Cardiac output (CO) is an essential component of hemodynamics, allowing to assess how efficiently the cardiovascular function can meet the body’s demand in blood flow. However, current available methods for measuring CO are either invasive or complex to implement. Hence, the aim of the study was to evaluate the capability of a non-invasive approach utilizing inductive plethysmography (IP) for estimating CO. By employing a jacketed external telemetry (DECRO® system by ETISENSE), embedding ultra high resolution IP sensors, small trunk volume variations, called “Blood Shift”, corresponding to the displacement of blood in the organism are measured. This represents an estimate of stroke volume (SV❜), which allows CO estimation (CO❜=SV❜×HR), since the heart rate (HR) can be derived from the external electrocardiogram (ECG) integrated into the jacket.
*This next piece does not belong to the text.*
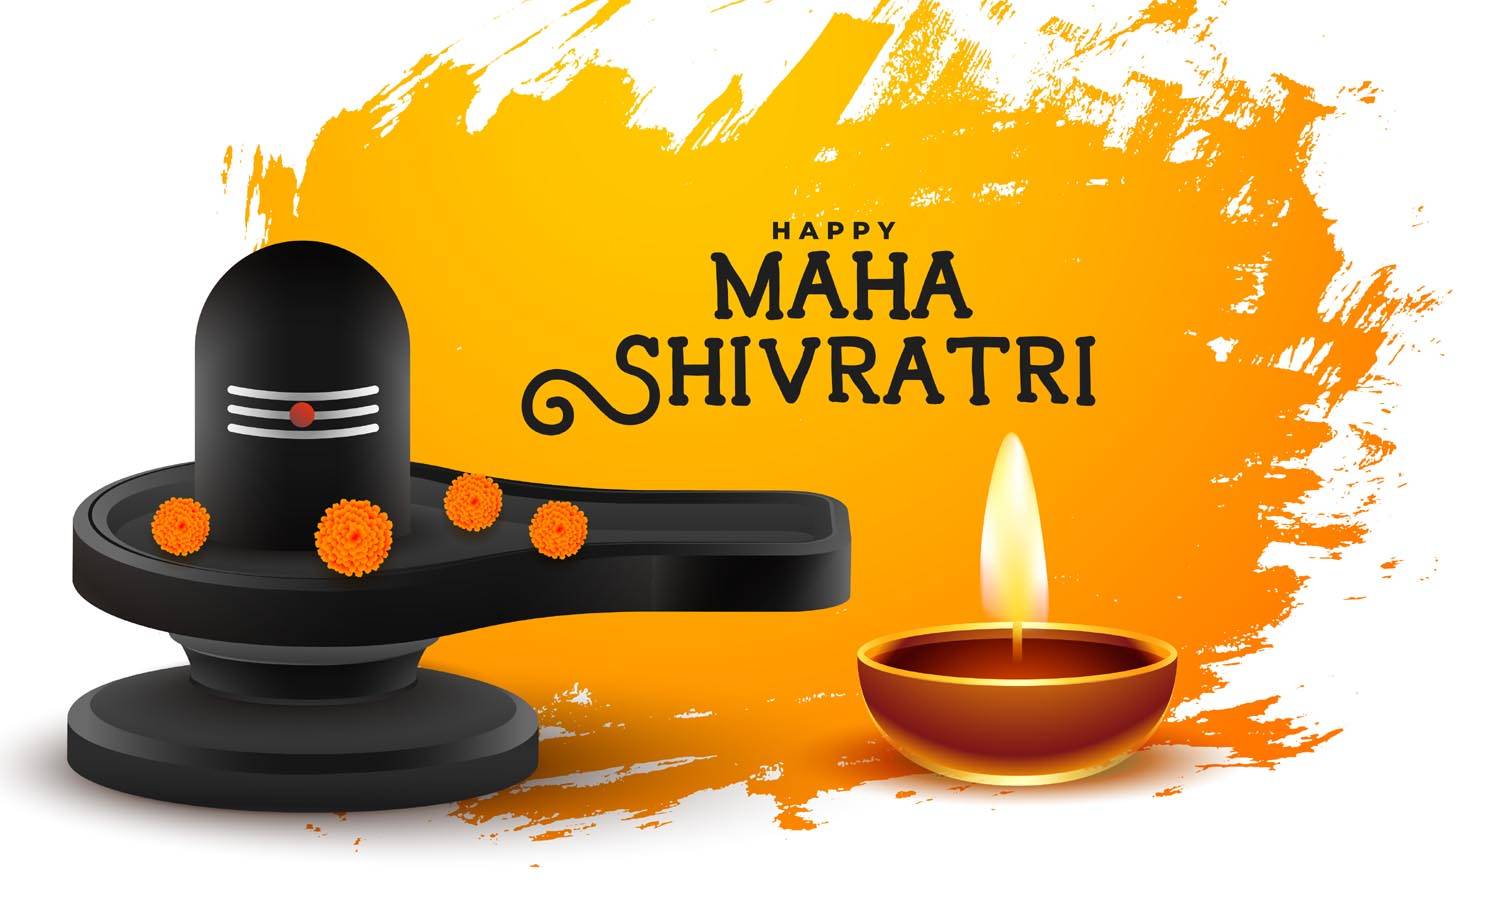 Maha Shivratri wishes for family - Shivaratri Image Messages

A pharmacological protocol with a hemodynamic challenge was performed in 10 anesthetized (2%/2.5% isoflurane) male Wistar rats (10 weeks, 355 g) under spontaneous ventilation. The animals were equipped with the jacke t and surface electrodes (under the jacket) for ECG recording. Left ventricular pressure (LV) and arterial pressure (AP) were assessed using a Millar and Edwards probe, respectively. The protocol consisted of continuous intravenous (i.v.) infusions of 12.5 µg/mL of dobutamine (beta stimulant) at ascending infusion rates of 4 6 and 8 mL/h. Pharmacological recovery was achieved by injection of 3 µmol/kg (1 mL/kg i.v) of dl propranolol (non selective beta blocker). Developed ventricular pressure (LVP) and mean arterial pressure (MAP) were calculated from LV and AP signals, respectively . Blood shift was extracted from the IP signal, and SV❜ was estimated using an average cardiac pattern derived from multiple cycles. CO❜ was then estimated throughout the entire duration of the protocol and statistical significance of variations was assessed.
A significant increase (p<0.01) in LVP, HR and CO❜, along with a significant decrease (p<0.01) in MAP were observed between the baseline and dobutamine infusion rates (6 and 8 mL/h), while a significant decrease (p<0.01) was observed in all variables (LVP, MAP, CO❜ and HR) between the baseline and the
recovery phase (dl-propranolol).
These results provide evidence that IP has the capability to capture the expected effects of reference drugs. Further studies are needed to validate this technique in non anesthetized small or medium size animals.